Nvidia Triton Inference Server

목록 보기

3/3

Nvidia Triton Inference Server을 통해 사용할 수 있는 여러 기능을 정리한 글입니다.

전처리/모델/후처리 파이프라인을 제공하는 ENSEMBLE 기능

파이프라인 연결 방법

ensemble config.pbtxt에서 ensemble_scheduling > step에 각 부분을 연결하는 파이프라인 정의. 각 모델의 input_map / output_map의 key-value 값 설정으로 정의 할 수 있음
- key는 각 모델의 input/output 이름으로 설정
- value는 해당 ensemble 모델 config.pbtxt 에서 작성한 input / output 이름으로 설정
- 다른 모델의 output이나 input 이름이 겹쳐도 됨. 대신 model_name을 설정해주어야 함

예시

# config.pbtxt

name: "ensemble_python_resnet50"
platform: "ensemble"
max_batch_size: 256
input [
  {
    name: "INPUT"
    data_type: TYPE_UINT8
    dims: [ -1 ]
  }
]
output [
  {
    name: "OUTPUT"
    data_type: TYPE_FP32
    dims: [ 1000 ]
  }
]
ensemble_scheduling {
  step [
    {
      model_name: "preprocess"
      model_version: -1
      input_map {
        key: "INPUT_0"
        value: "INPUT"
      }
      output_map {
        key: "OUTPUT_0"
        value: "preprocessed_image"
      }
    },
    {
      model_name: "resnet50_trt"
      model_version: -1
      input_map {
        key: "input"
        value: "preprocessed_image"
      }
      output_map {
        key: "output"
        value: "OUTPUT"
      }
    }
  ]
}

여러 요청을 한번에 추론할 수 있는 Dynamic Batching

개념

서버에서 받은 요청을 합쳐서, 배치를 만듦 → throughput 향상
stateless models인 경우에만 사용되어야 함
각 모델별로 ModelDynamicBatching property를 사용하여 설정 가능함
- batch preferred size(s), delay maximum time, queue properties(such a queue size), priorities, and time-outs 등 설정 가능
앙상블을 구성하는 모델에서도 dynamic batching 가능. (참고로 앙상블은 모델을 연결하는 역할을 하기에 (실제로 추론을 실행하는 모델과 달리), queueing 되는 시간이 다른 모델에 비해 굉장히 짧음)

the models composing the ensemble may also have dynamic batching enabled.
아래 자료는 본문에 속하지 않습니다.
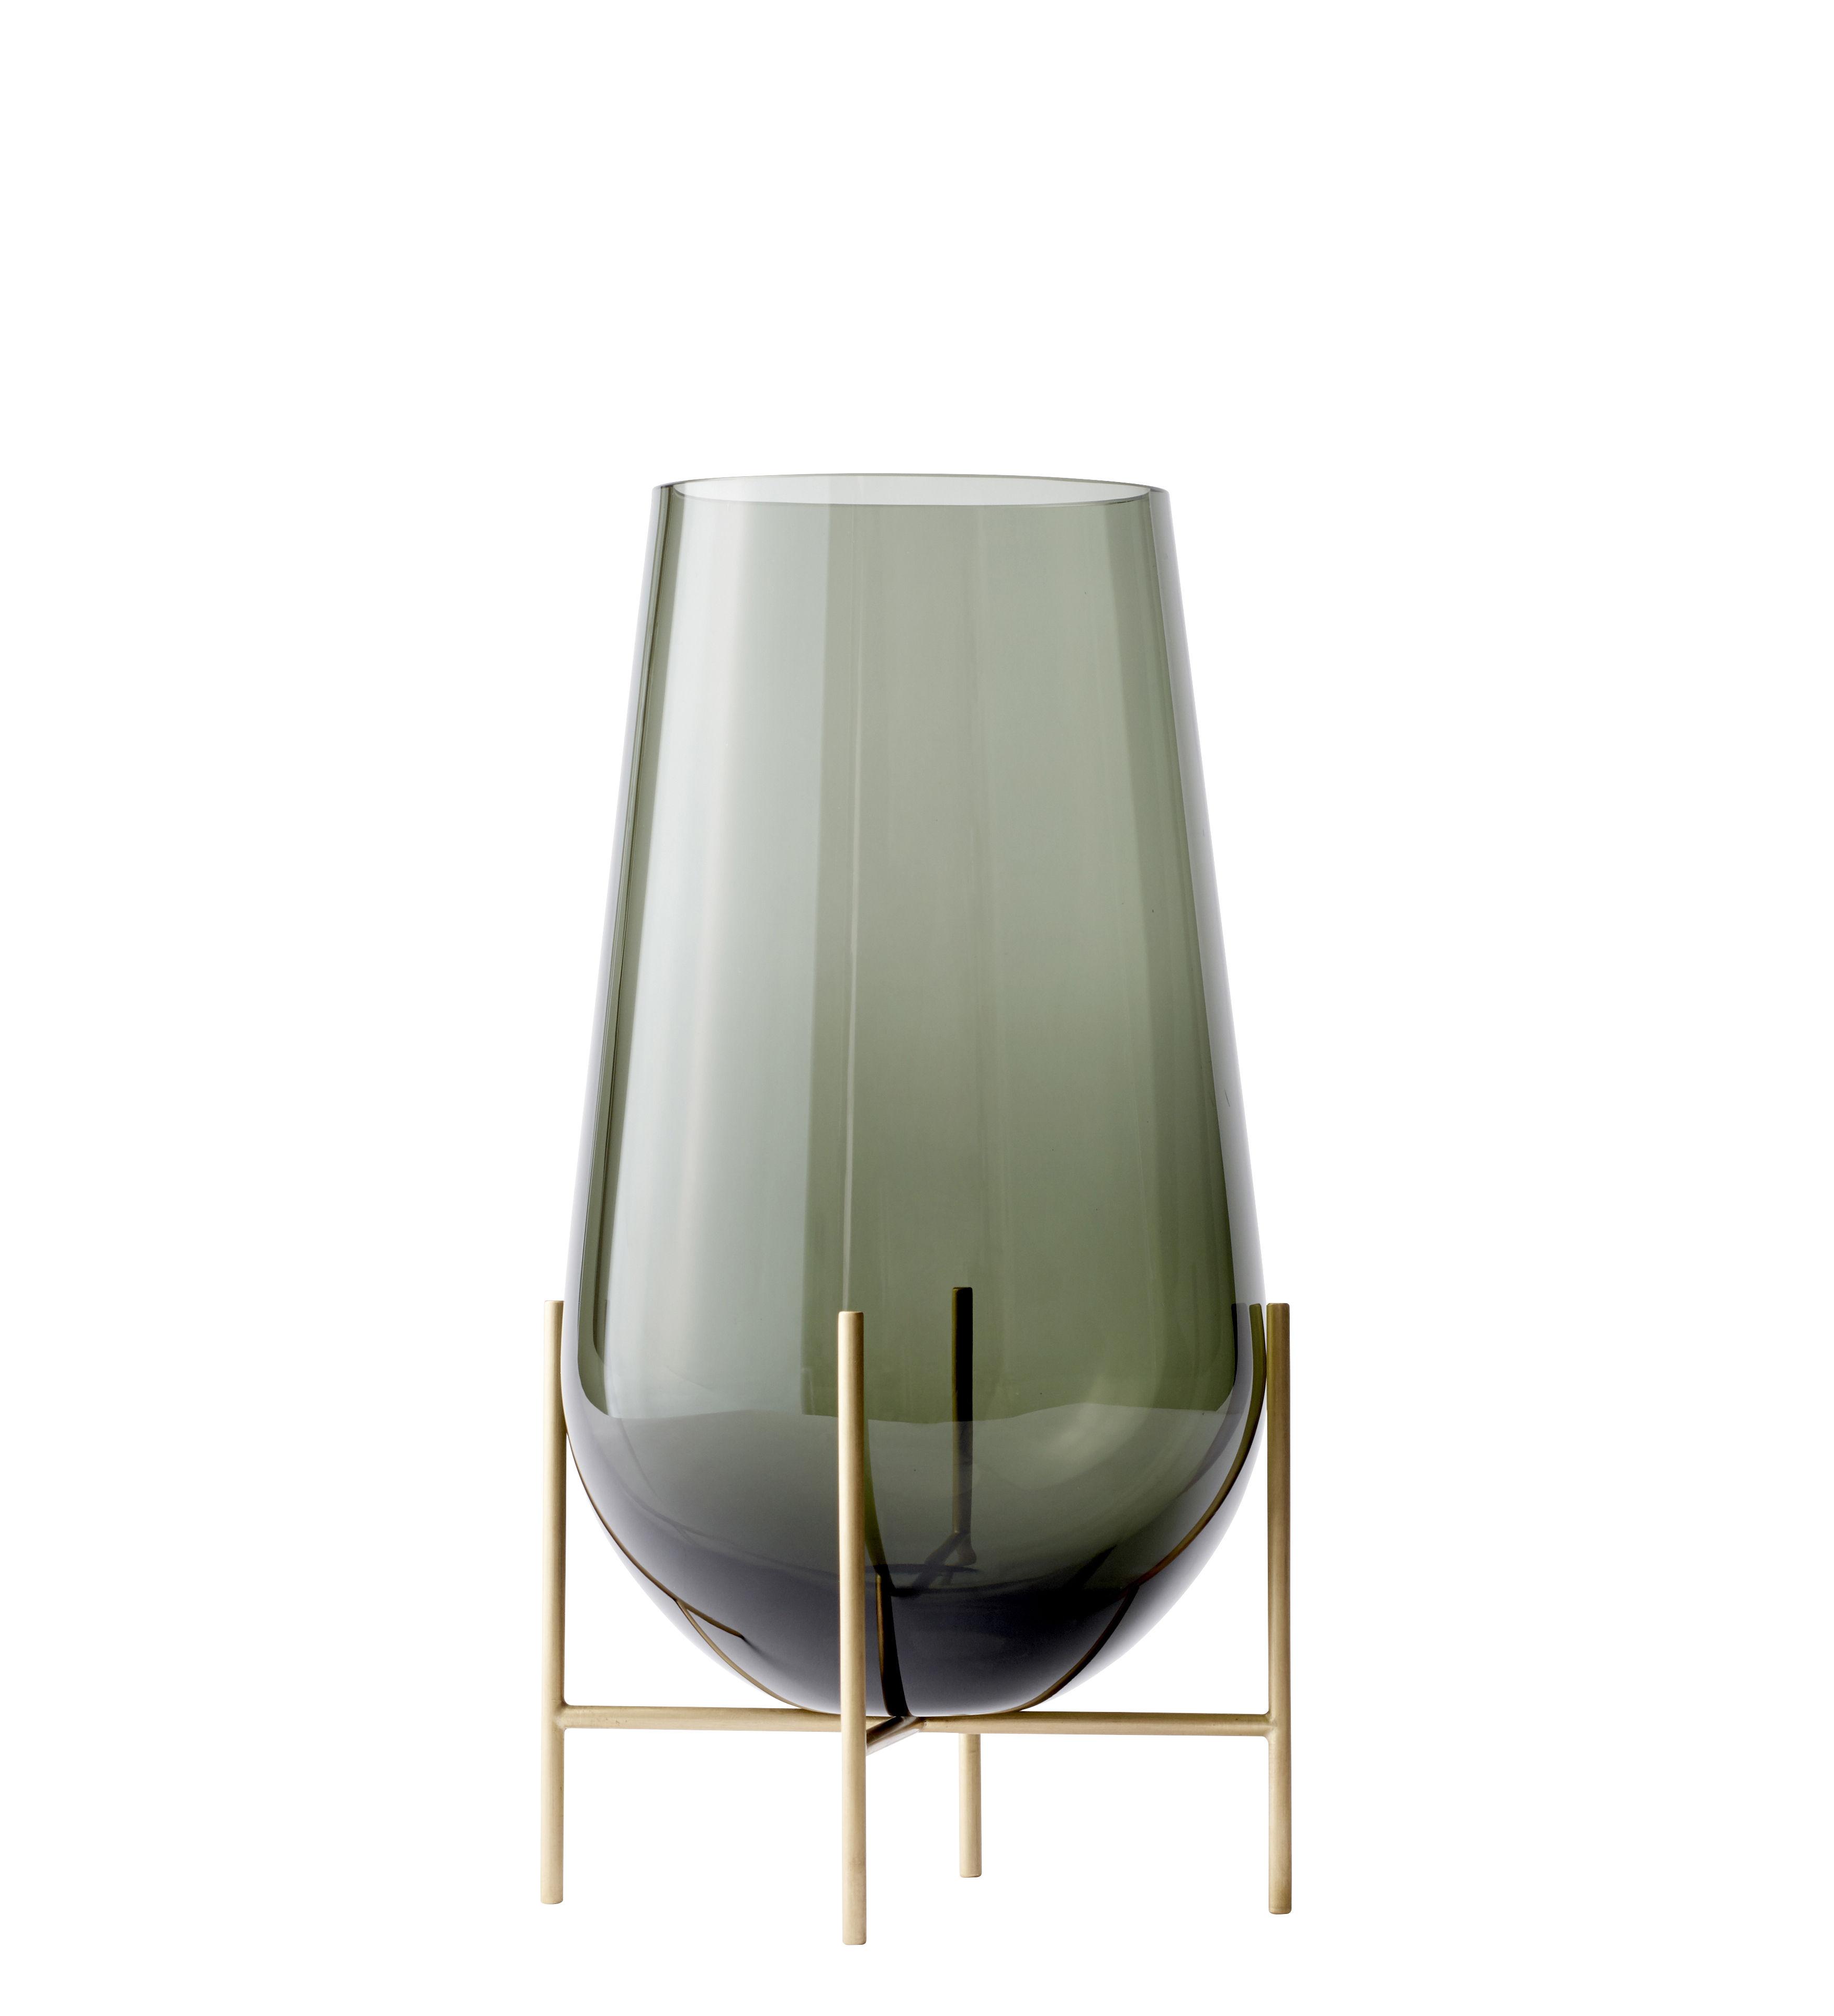 Interni - Vasi - Vaso Echasse Medium - / H 45 cm di Menu - H 45 cm / Fumé & ottone - Laiton massif, Vetro

Since ensemble models are just routing the data between composing models, Triton can take requests into an ensemble model without modifying the ensemble's configuration to exploit the dynamic batching of the composing models. (참고자료)
함께 보면 좋을 자료
- What is Dynamic Batching?

방법

해당 모델의 config.pbtxt에서 정의

예시

dynamic_batching { 
  preferred_batch_size: [ 4 ] 
  max_queue_delay_microseconds: 3000000  # microseconds임을 유의
}

여러개의 모델 인퍼런스를 띄울 수 있는 Concurrent Model Execution

개념

한 모델에 여러 요청이 들어오면, 일반적으로 하나를 처리하고 다음 하나를 처리할 수 있음
하지만 model configuration option called instance-group을 이용하면 같은 모델을 여러 개 띄울 수 있고, 이를 통해 병렬적으로 여러 요청을 처리할 수 있음. 아래 그림처럼, 모델1의 instance가 3개이고 모델1의 요청이 4개가 들어왔다면 동시에 처리할 수 있는 요청은 3개이고, 하나의 요청이 끝나면 4번째 요청도 처리될 수 있음

방법

해당 모델의 config.pbtxt 에서 정의

예시

# 예시1
instance_group [
  {
    count: 2
    kind: KIND_GPU
  }
]

# 예시2  
instance_group [
	{
	  count: 1
	  kind: KIND_GPU
	  gpus: [ 0 ]
	},
	{
	  count: 2
	  kind: KIND_GPU
	  gpus: [ 1, 2 ]
	}
]

모델의 첫 인퍼런스 요청 시간 지연을 막는 Model Warmup

개념

어떤 모델은 첫번째 추론 요청(또는 처음 몇개의 추론요청)을 받을때 초기화를 마저 완료하기도 한다. 이런 경우 첫번째 추론 요청을 처리할때 상당히 응답 시간이 길다.

→ 이런 문제를 해결하기 위해 model이 “warmed up” 할 수 있도록 기능을 지원. 모델을 로드한 후, 자동으로 임의의 요청을 실행하여 모델 초기화가 완전히 완료되도록 한다. 이를 통해 실사용자가 첫 요청을 날리기 전에 모델 초기화를 완전히 끝내도록 하는 것이다.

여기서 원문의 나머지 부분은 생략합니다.